Friday, September 23, 2011

Baby Bourne: ABDUCTION


Every movie is allowed a certain amount of implausibility, with the exact amount tied directly to the level of entertainment value. I suppose one could work out an exact formula that could determine the precise figures, but that’s beside the point. It’s all objective anyways. Everyone has his or her own internal meter to determine this sort of thing. The new teen-oriented action thriller Abduction broke my implausibility meter early and often. Just when it gears up for some big action sequence I found myself tripped up by the little details asking: Who? How? Why? Especially “why?”

The movie tries to make Taylor Lautner, the werewolf from the Twilight movies, into a star capable of taking center stage. He stars as Nathan, an average, if a bit on the wild side, teenager who discovers that a childhood picture of his is on a missing person website. Soon, two goons show up at his house and kill his parents (Jason Isaacs and Maria Bello, putting in little more than cameos) who, before they died, confirmed that they aren’t his real parents. Then one of the goons spits out a dying warning. “There’s a bomb in the oven.” Kaboom. The house blows up sending the fleeing Nathan and his study partner (Lily Collins) into the backyard swimming pool. They run to a nearby hospital where they call 911. “Are you okay?” the operator asks. “A little shaken up,” he replies.

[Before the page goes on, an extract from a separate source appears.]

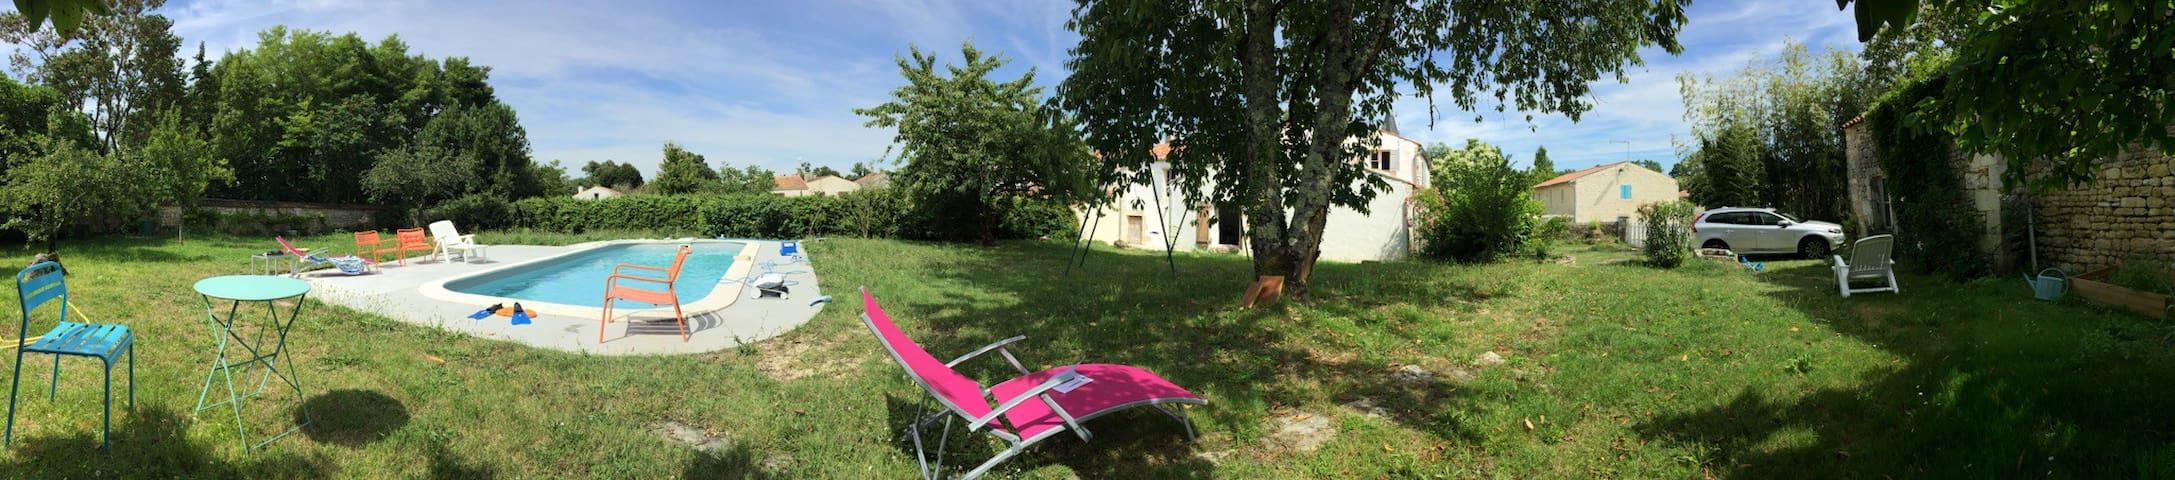 Maison spacieuse et agréable tout confort - Port-d'Envaux - Hus
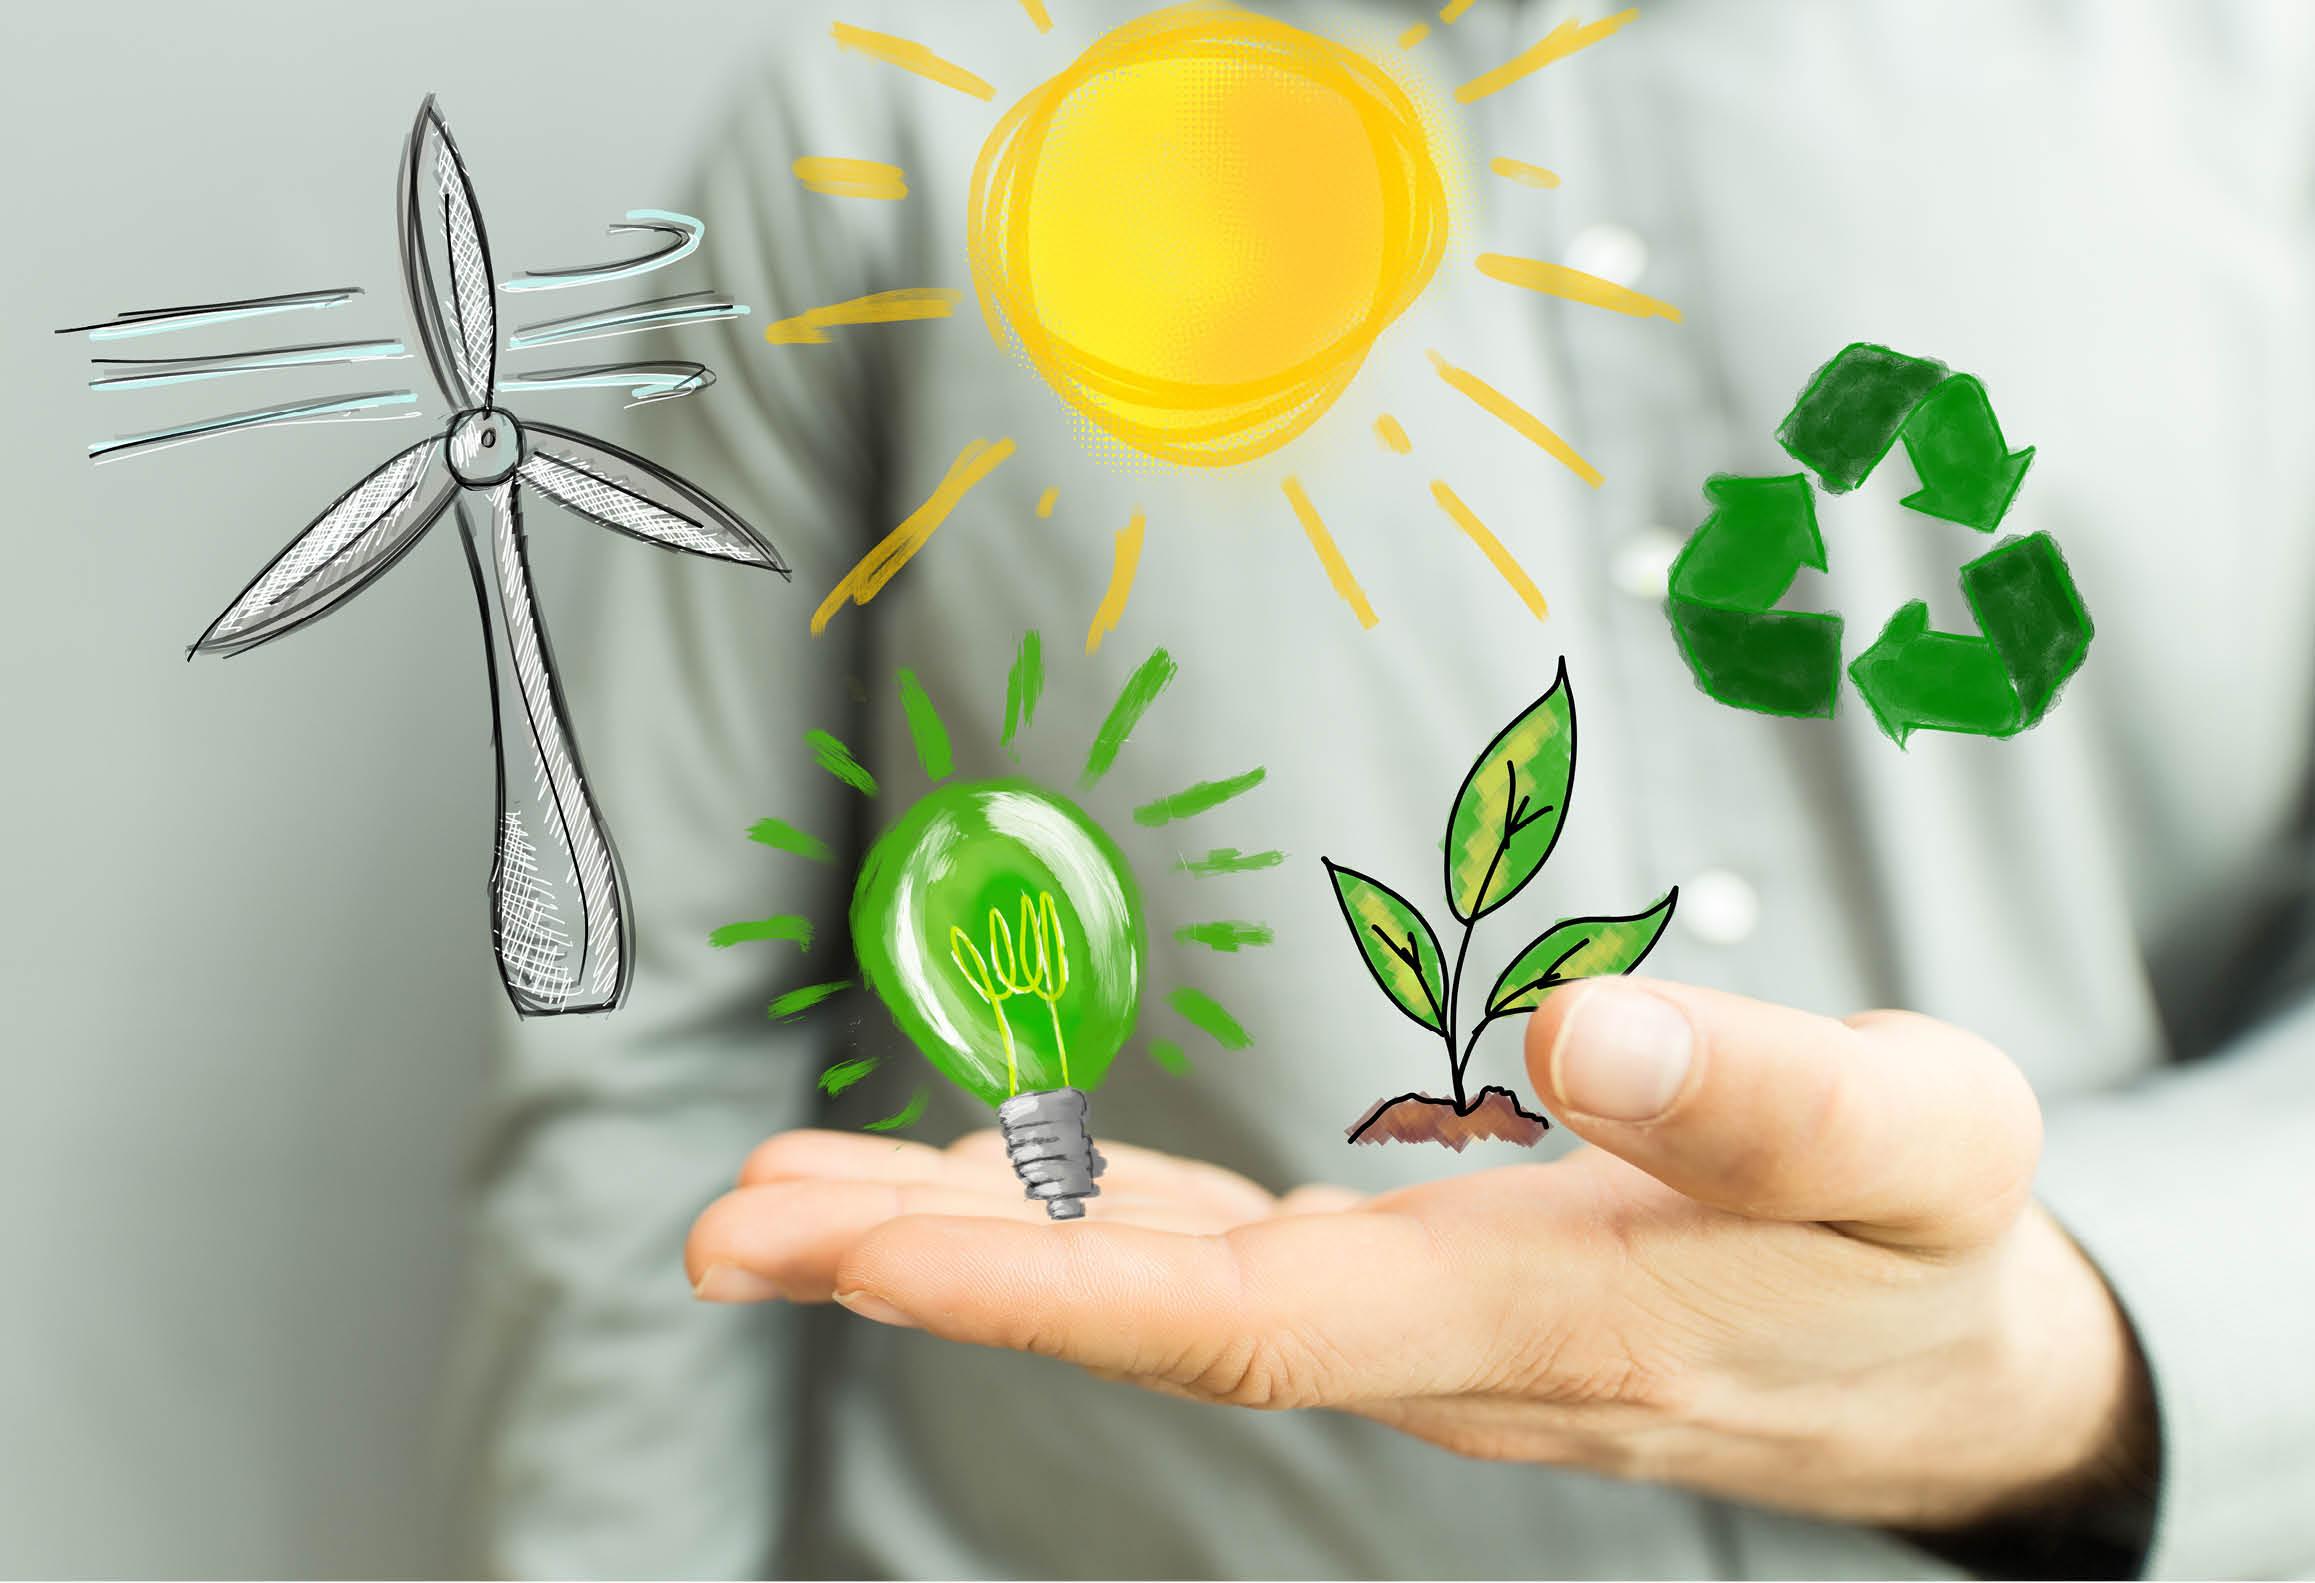 Bild som illustrerar hållbar energi och naturens kretslopp

Talk about an understatement.

Somehow Lautner finds an unconvincing way to play rattled. He’s a pretty young man who, in his best moments of acting in the film, invites a similar amount of sympathy as a whining puppy. The plot thickens around him as the hospital fills up with dangerous people who want to attack him for some reason. Alfred Molina barks from a CIA control room while Michael Nyqvist stalks the halls with his vaguely villainous henchmen. Luckily Sigourney Weaver shows up to drive the teens to safety, claiming that she’s a friend of Nathan’s real parents. It’s all so very convoluted that she can hardly explain it to them, practically shouting that both men are up to no good but for separate and competing reasons, so trust no one. Then she makes them jump out of the moving vehicle.

Somehow the two teens stumble around and figure out how and why to show up on time for the competent scenes of action required of a potentially propulsive thriller. There are hundreds of bloodless gunshots fired throughout the film, a squeaky indifference to consequences. Sure, everything this kid believed has quite literally exploded out from under him but, hey, at least he still has his hot cheerleader study partner at his side and a sweet leather jacket on his back. He’s only a little shaken up. And he can more than take care of himself, possessing as he does a set of combat skills that seem at once learned and mysteriously second nature. He is like a baby Jason Bourne, so it’s only fitting that the girl says he looks like “Matt Damon meets…you.”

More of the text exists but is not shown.